Oh Andrea, very well said! If they only knew how much you love your husband!!! .......now Bisou is another matter!! :happy::happy::happy:


----------



## iheartbisou (Feb 13, 2007)

CeeCee's Mom said:


> Oh Andrea, very well said! If they only knew how much you love your husband!!! .......now Bisou is another matter!! :happy::happy::happy:


:HistericalSmiley: Bisou loves him...just not _nearly_ as much as me! lol. Her new nickname by my friends is "Single White Female" because of her obsession with me! lol.


----------



## Deborah (Jan 8, 2006)

She is a real beauty.:wub:


----------



## ilovemymaltese (Oct 9, 2008)

Awwwwwww she is sooo adorable Andrea!!!!!:wub::wub::wub:


----------



## Snowbody (Jan 3, 2009)

Andrea - Bisou looks just perfect. And after the horror stories about the grooming guerillas around who just hack away thank goodness you've got someone good. Bisou's haircut looks a lot like Tyler's does...about the same length and I love it. The last time at the groomer I told her to cut things a little shorter and I also did the face trim thing because of his staining. She was so excited that I let her cut more. But she still went on the conservative side knowing my fears. I thank my lucky stars.
Tyler says that while mom and dad are in Paris he wishes he could visit beautiful Bisou.:wub::wub:


----------



## Julie03 (Mar 18, 2010)

Wow, she's gorgeous! Loving the new haircut. :wub:


----------



## iheartbisou (Feb 13, 2007)

Snowbody said:


> Andrea - Bisou looks just perfect.
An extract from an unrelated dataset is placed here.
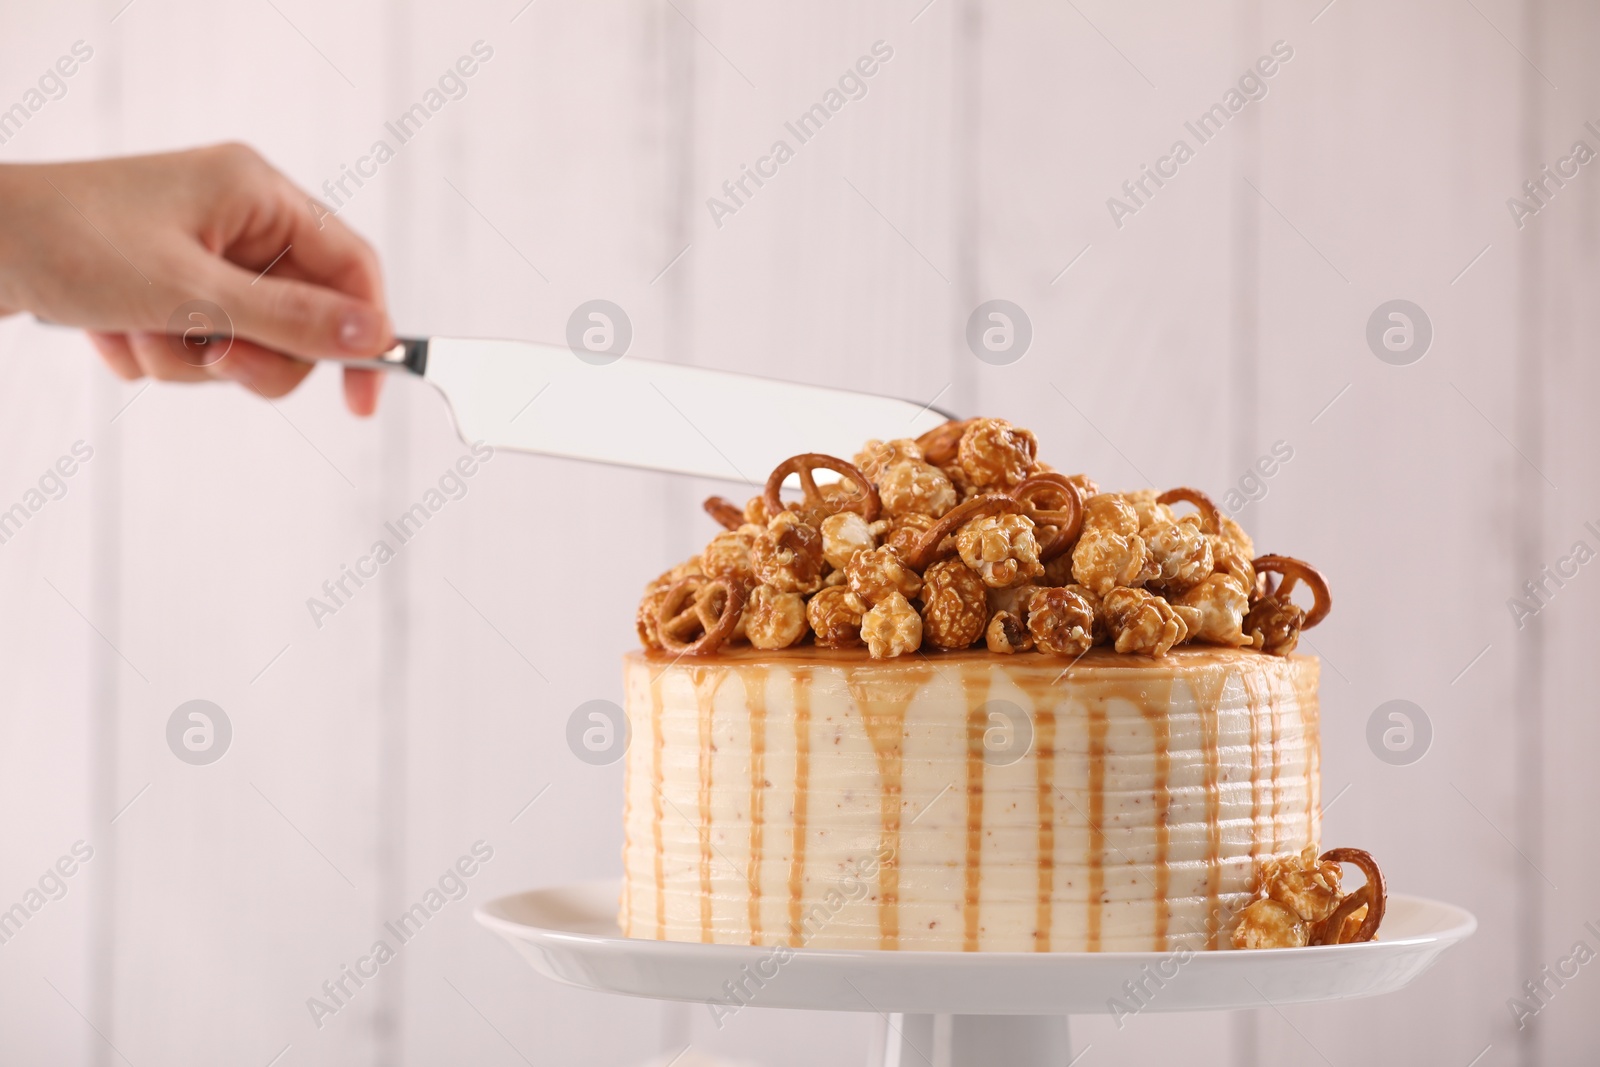 Photo of Woman cutting caramel drip cake decorated with popcorn and pretzels against light background, closeup
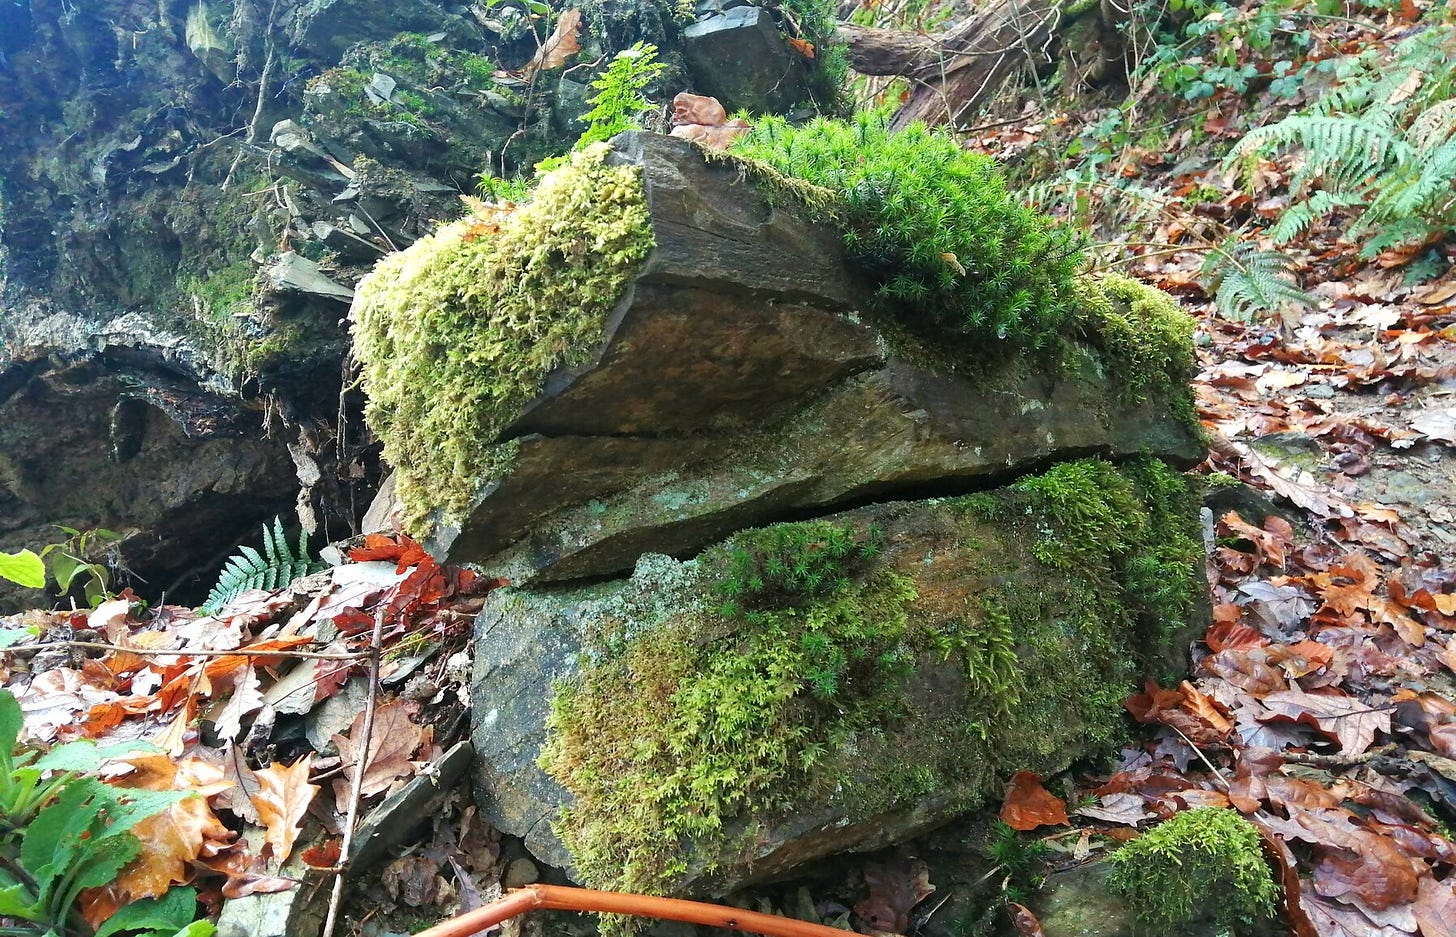 Moss on a stone

And after the horror stories about the grooming guerillas around who just hack away thank goodness you've got someone good. Bisou's haircut looks a lot like Tyler's does...about the same length and I love it. The last time at the groomer I told her to cut things a little shorter and I also did the face trim thing because of his staining. She was so excited that I let her cut more. But she still went on the conservative side knowing my fears. I thank my lucky stars.
> Tyler says that while mom and dad are in Paris he wishes he could visit beautiful Bisou.:wub::wub:


Sue- Tyler (and you!!) are always welcomed to come visit Bisou...but sadly there's a quarantine here in Shanghai..so Tyler would be in a Chinese puppy jail for a week- which is no way to spend a vacation! (but that Chinese puppy jail doesn't apply to you! lol)


----------



## cleex1004 (Aug 2, 2008)

Bijou looks adorable! Thanks for mentioning the quarentine in Shanghai, the bf is there right now and I was considering visiting with louis. I don't think I could be separated from him for a week though.


----------



## iheartbisou (Feb 13, 2007)

cleex1004 said:


> Bijou looks adorable! Thanks for mentioning the quarentine in Shanghai, the bf is there right now and I was considering visiting with louis. I don't think I could be separated from him for a week though.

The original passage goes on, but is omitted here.